### [TASK STATEMENT]
Repeat the data exactly. Pictures stay out.

### [RECORDED INFORMATION]
******

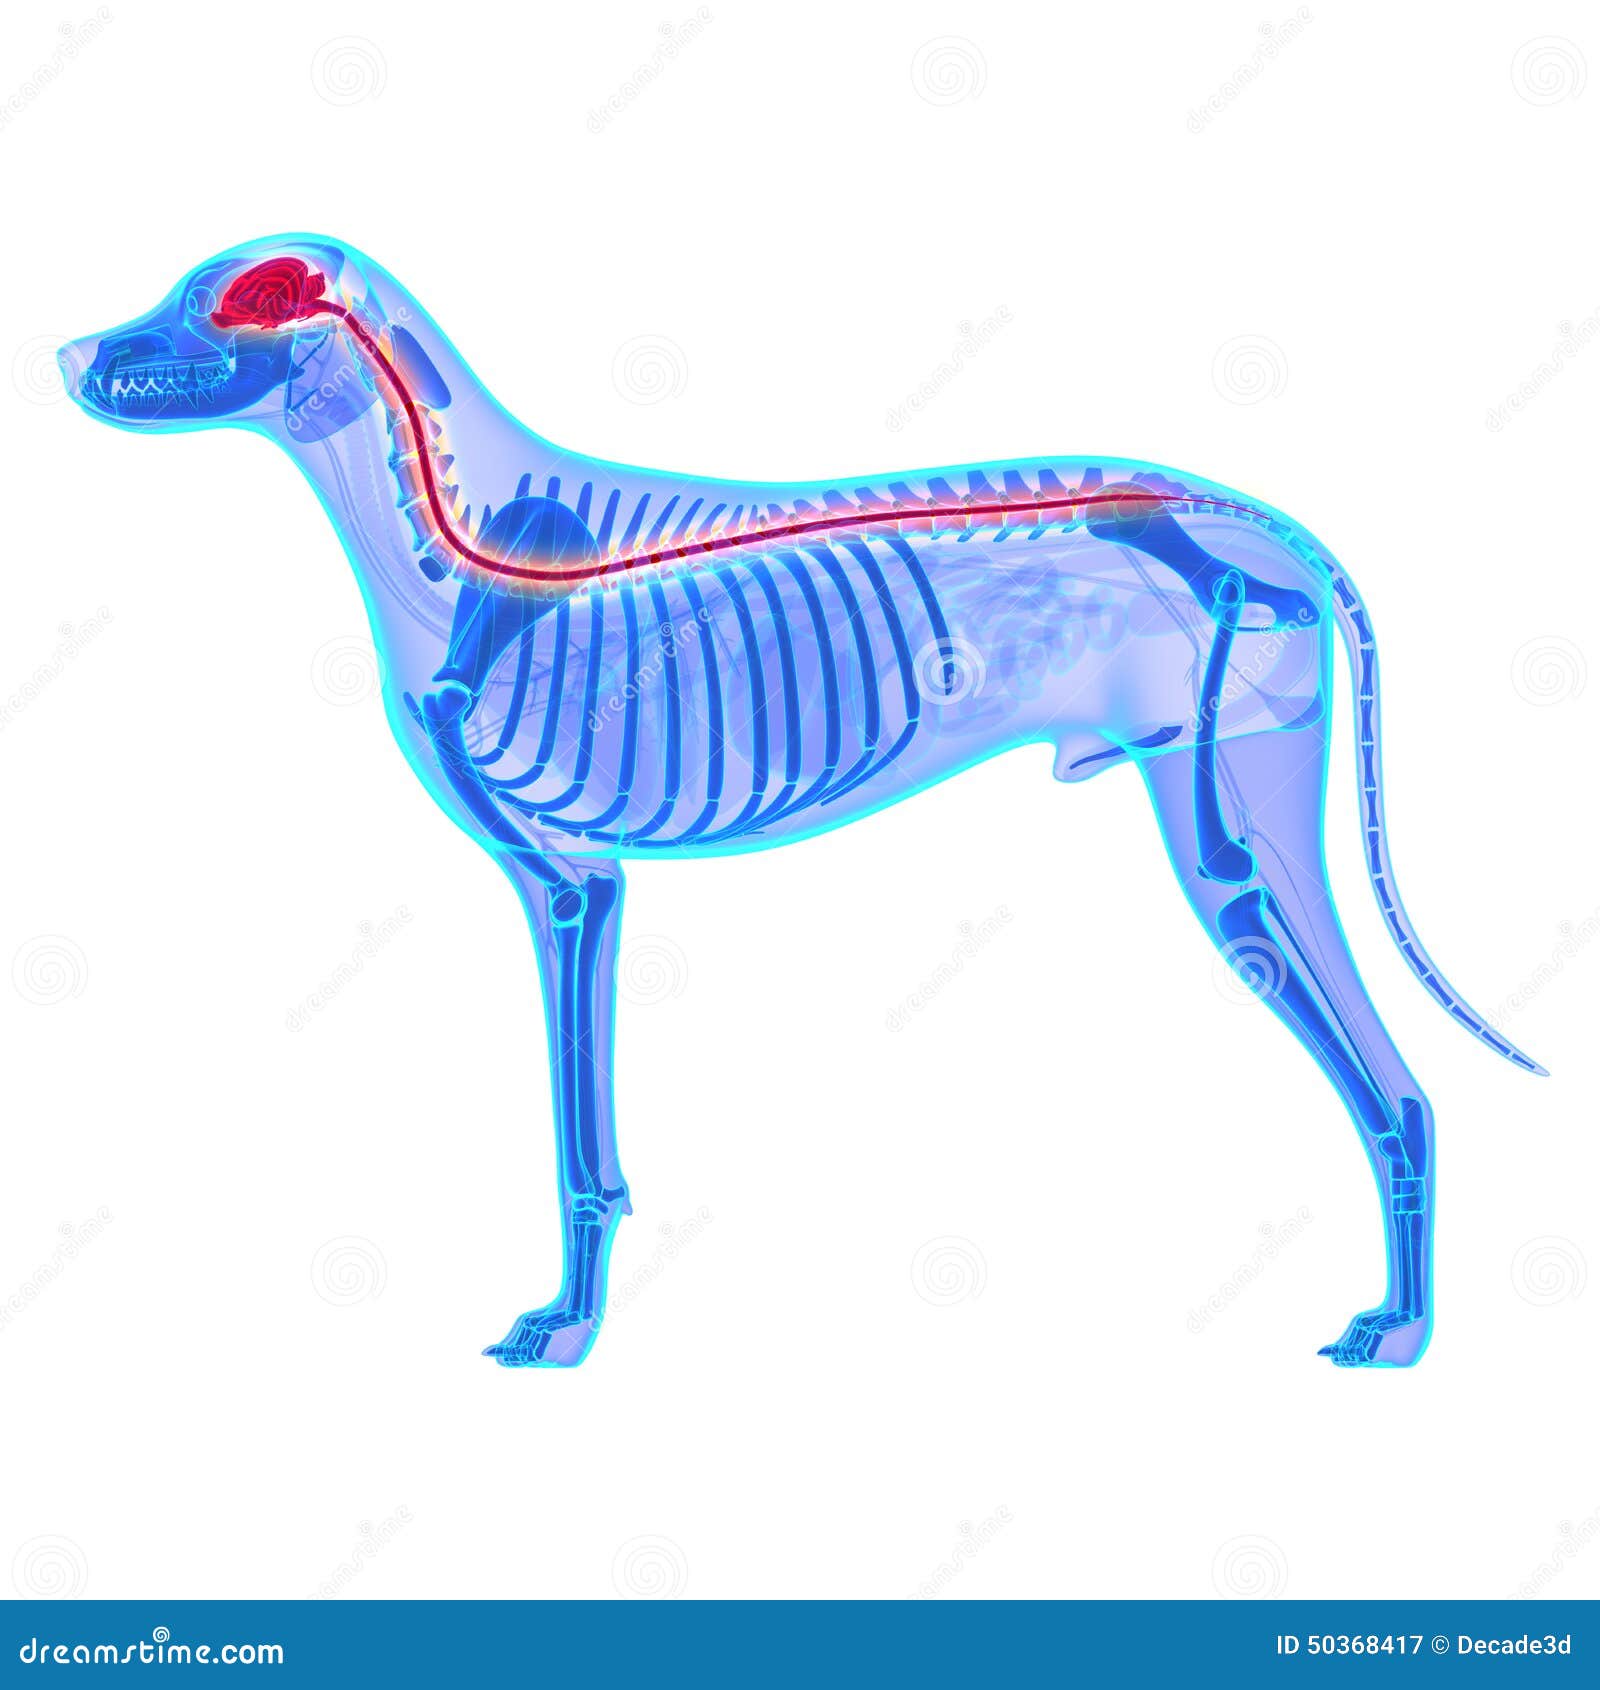 dog nervous system - canis lupus familiaris anatomy -  o
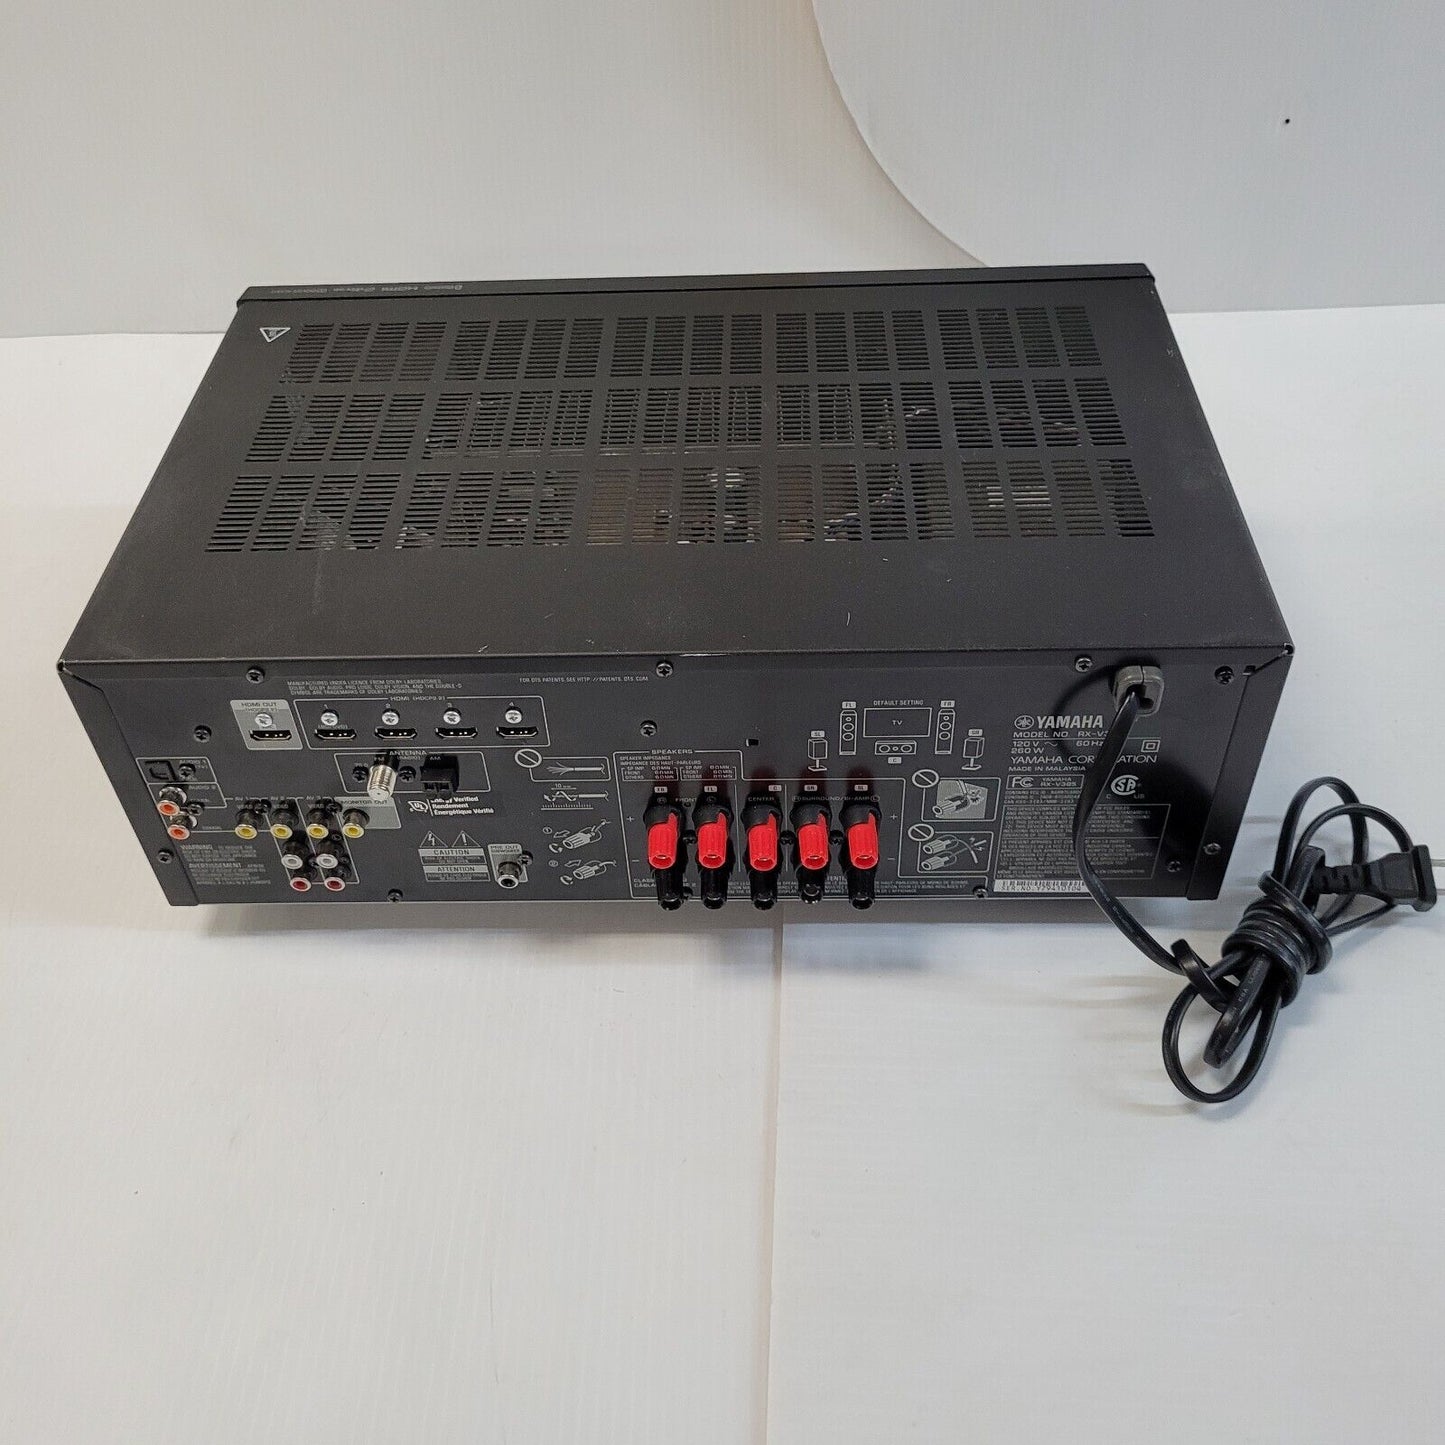 (N75923-1) Yamaha RX-V385 Receiver
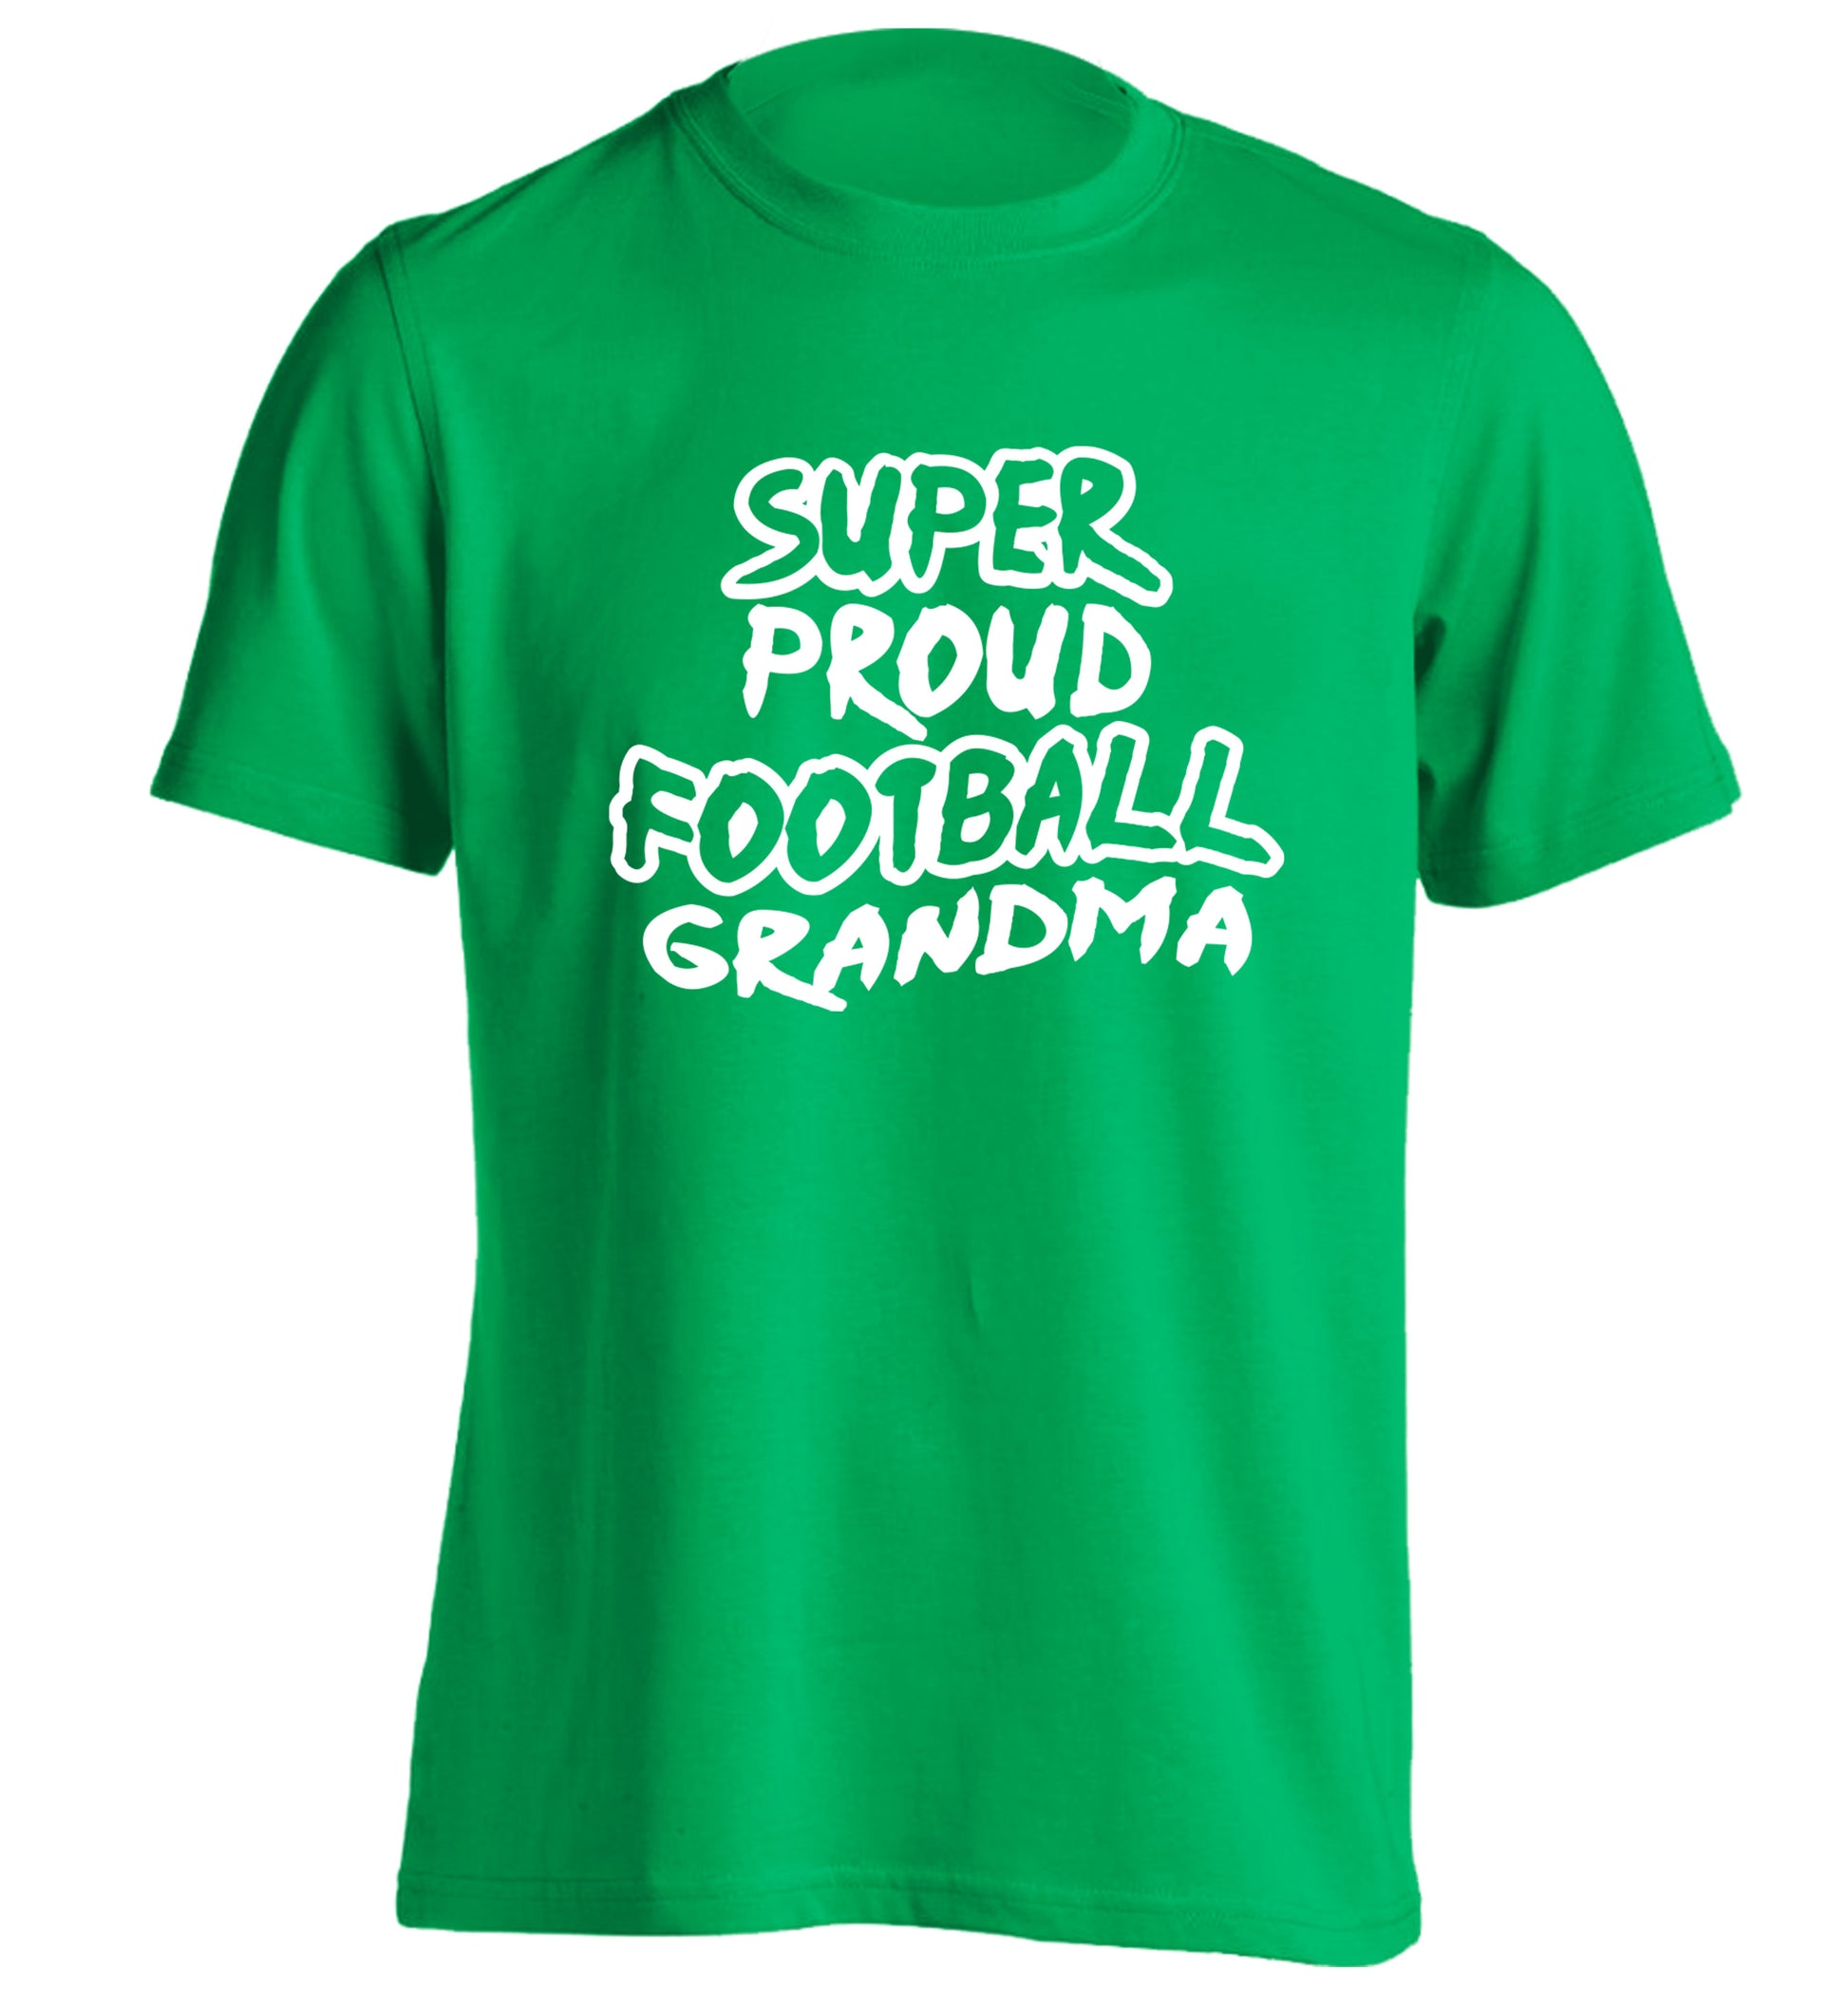 Super proud football grandma adults unisexgreen Tshirt 2XL

******

### [ANSWER]
 dog nervous system - canis lupus familiaris anatomy -  o
 (N75923-1) Yamaha RX-V385 Receiver
 Super proud football grandma adults unisexgreen Tshirt 2XL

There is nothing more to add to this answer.